Financial Times-O Financial Times publicou sexta-feira última um longo artigo em que explica ter encontrado vários erros nas fórmulas e nos dados usados pelo economista Thomas Piketty no aclamado livro O Capital no Século XXI, que analisa a desigualdade de rendimentos e riqueza nos últimos 200 anos na Europa e nos EUA.
As fontes e as folhas de cálculo usadas por Piketty foram disponibilizadas pelo próprio na Internet. O editor de economia do jornal britânico, Chris Giles, debruçou-se sobre aquele material e diz que Piketty se enganou a copiar alguns números, que fez ajustes às fórmulas para que os resultados sustentassem a tese do aumento da desigualdade, que recorreu a dados de anos errados para extrair conclusões e que apresentou gráficos com dados para períodos em relação aos quais não existe nenhuma fonte.
“Quando estava a escrever um artigo sobre a distribuição da riqueza no Reino Unido, notei uma discrepância séria entre a concentração de riqueza contemporânea descrita em O Capital no Século XXI e aquela que estava nas estatísticas oficiais do Reino Unido”, escreve o jornalista, explicando que isso o levou a analisar as contas do economista francês. “Descobri que as estimativas dele de desigualdade na riqueza – a peça central de O Capital no Século XXI – estão minadas por uma série de problemas e erros. Alguns assuntos são problemas de fontes e de definições. Alguns números parecem ser simplesmente tirados do ar”.

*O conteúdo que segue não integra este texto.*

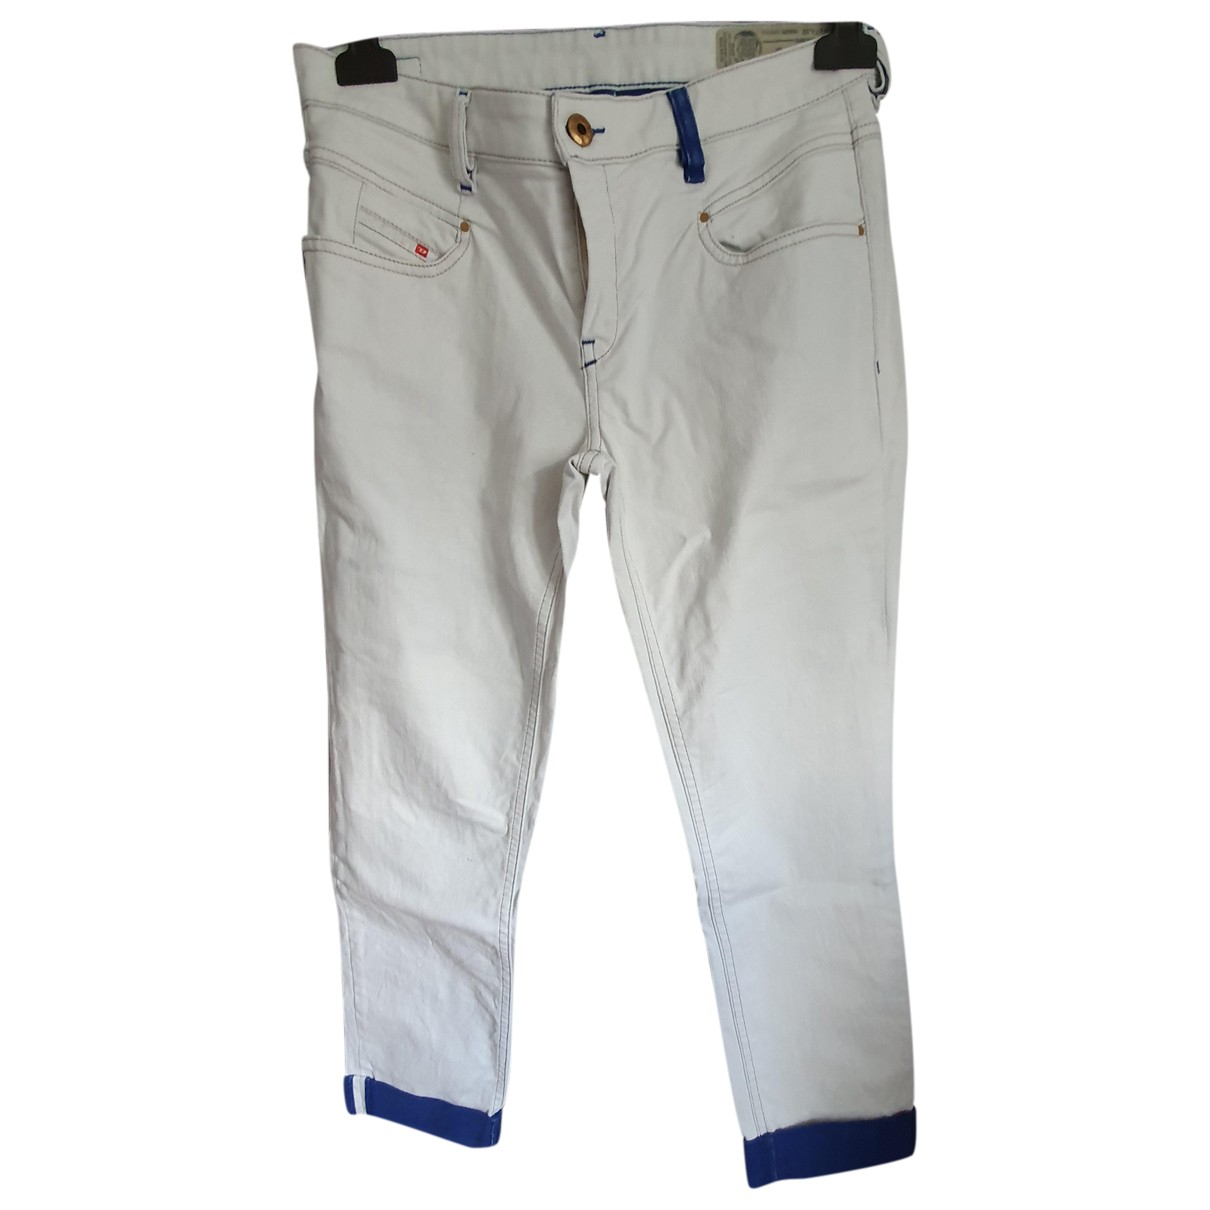 Diesel - Pantalon   pour femme en denim - blanc

Numa resposta escrita ao jornal, que foi publicada na íntegra, Piketty começa por afirmar que colocou os ficheiros online porque quer “promover um debate aberto e transparente” e argumenta que se tivesse algo a esconder não teria disponibilizado aquela informação.
“Tal como escrevi claramente no livro, no apêndice online e nos muitos artigos técnicos que publiquei sobre este tópico, é preciso fazer uma série de ajustamentos às fontes de dados para as tornar mais homogéneas ao longo do tempo e entre países”, prossegue Piketty (cujo livro será tema de um trabalho na revista 2 deste domingo). “Tentei no contexto deste livro fazer as decisões e escolhas mais justificadas sobre as fontes de informação e ajustamentos”. O economista admite que as fontes de informação históricas existentes sobre riqueza precisam de ser melhoradas, mas diz que ficaria “muito surpreendido se alguma conclusão substantiva sobre a evolução de longo prazo das distribuições de riqueza fosse muito afectada por estes melhoramentos”.
Na resposta, Piketty remete também para um artigo científico recente de dois investigadores (um da Universidade de Berkeley e outro da London School of Economics) sobre a desigualdade de riqueza nos EUA. O autor nota que as conclusões a que este trabalho chega são semelhantes às que estão no livro.
Os erros a que o Financial Times se refere dizem respeito aos dados relativos à riqueza, sobre a qual o autor já tinha admitido haver menos fontes de informação. O livro analisa também a evolução do rendimento. A principal tese é a de que o retorno do capital é superior ao crescimento económico e que a riqueza tende a concentrar-se numa minoria. O livro tornou-se um best-seller, tendo recebido vários elogios de outros economistas, incluindo do Prémio Nobel Paul Krugman, embora também tenha sido alvo de várias reparos. O colunista do Financial Times Martin Wolf, por exemplo, tinha destacado a importância do livro, mas referido “fraquezas claras” em algumas das ideias do autor. No entanto, esta crítica não se referia às conclusões estatísticas.
Chris Giles aponta muitos pontos que considera errados nas folhas de cálculo de Piketty. Numa delas, os números sobre a concentração de riqueza nos EUA em 1908 não são os que estão na fonte indicada pelo próprio economista. O jornalista sugere que se tratou de um simples erro de transcrição, já que o valor é igual ao de outro ano na tabela original. Num outro caso, o jornalista observou ajustamentos "arbitrários" e não explicados nas fórmulas. Por exemplo, à fórmula para calcular a percentagem de riqueza detida pelo 1% de pessoas mais ricas dos EUA em 1970 foram somados dois pontos percentuais. Ainda numa outra das muitas falhas descritas, o jornal diz que Piketty usou dados de 1935 da Suécia como se fossem valores para o início daquela década, procedimento semelhante ao que fez para outros países e anos.